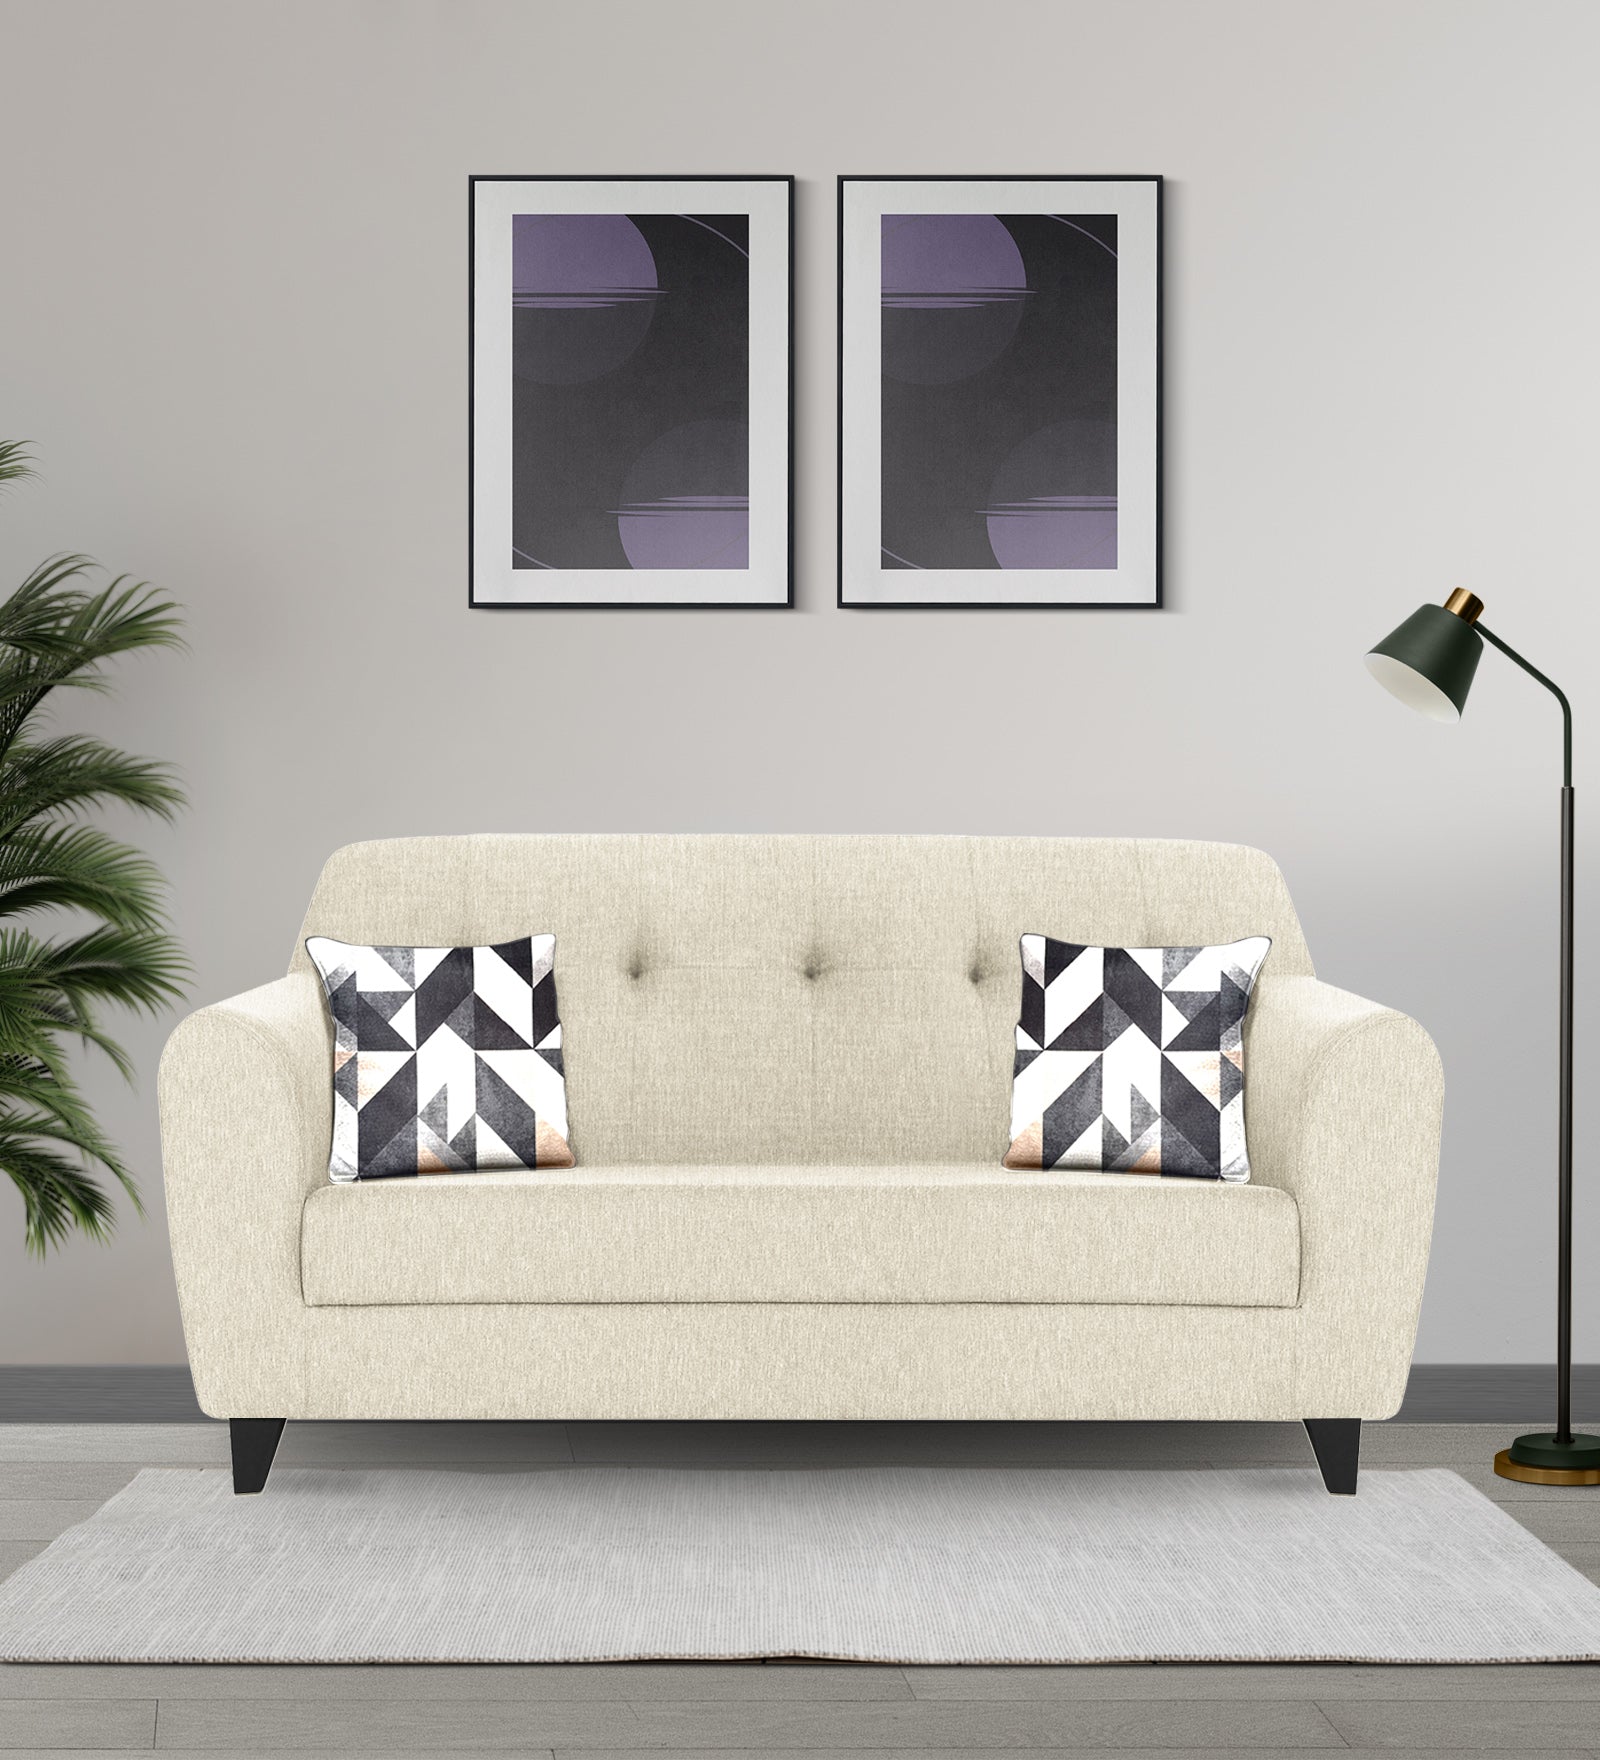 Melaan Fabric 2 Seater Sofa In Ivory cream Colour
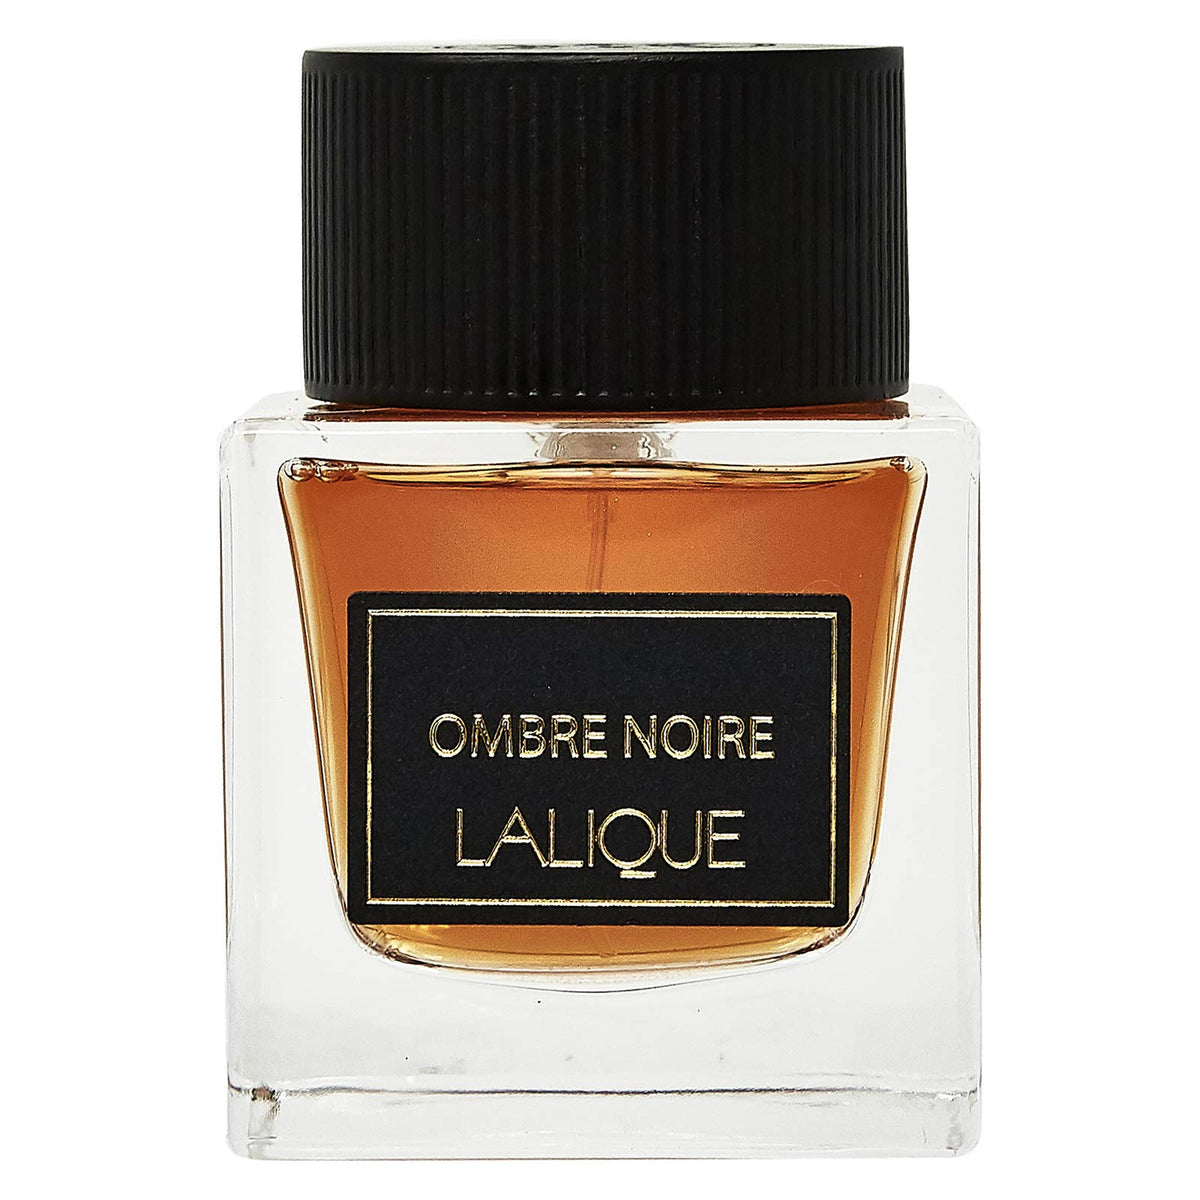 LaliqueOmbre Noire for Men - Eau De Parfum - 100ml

- - - - -

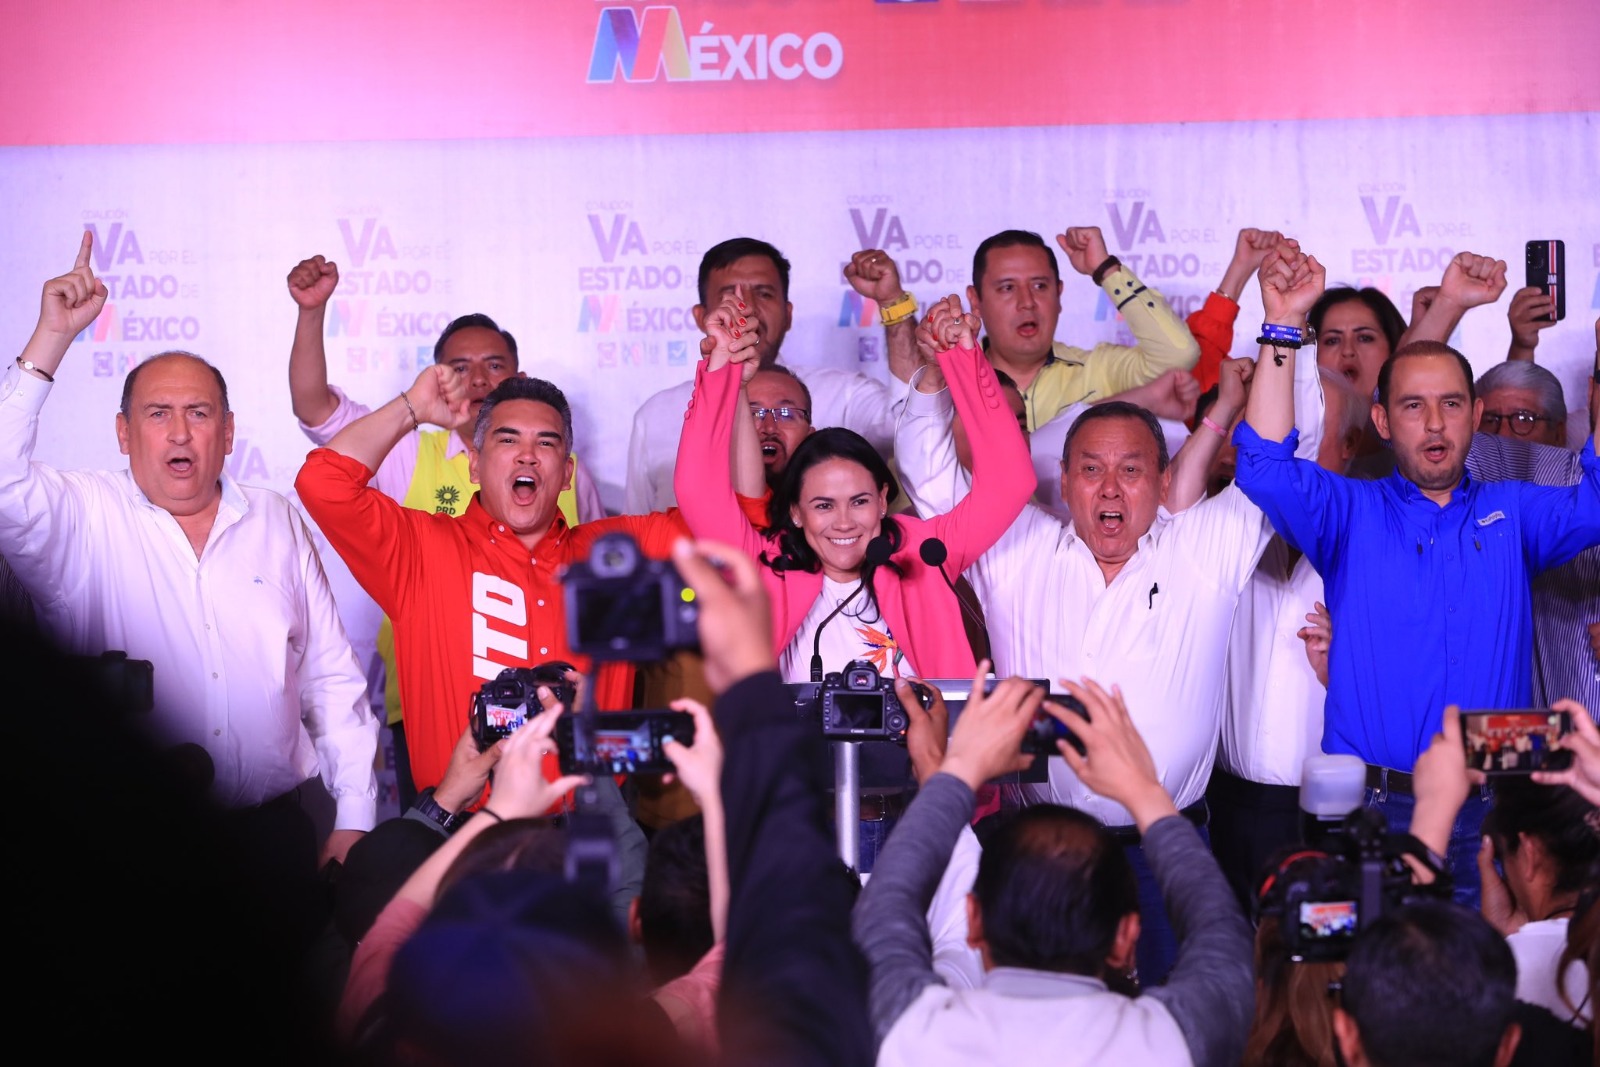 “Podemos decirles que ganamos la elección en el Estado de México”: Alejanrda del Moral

- - - - -

## [Work request]
Take the material above from the line bearing "Melaan Fabric 2" through the line bearing "LaliqueOmbre Noire for" and write it out exactly, both end lines included. Pictures stay out.

## [Task answer]
 Melaan Fabric 2 Seater Sofa In Ivory cream Colour
 LaliqueOmbre Noire for Men - Eau De Parfum - 100ml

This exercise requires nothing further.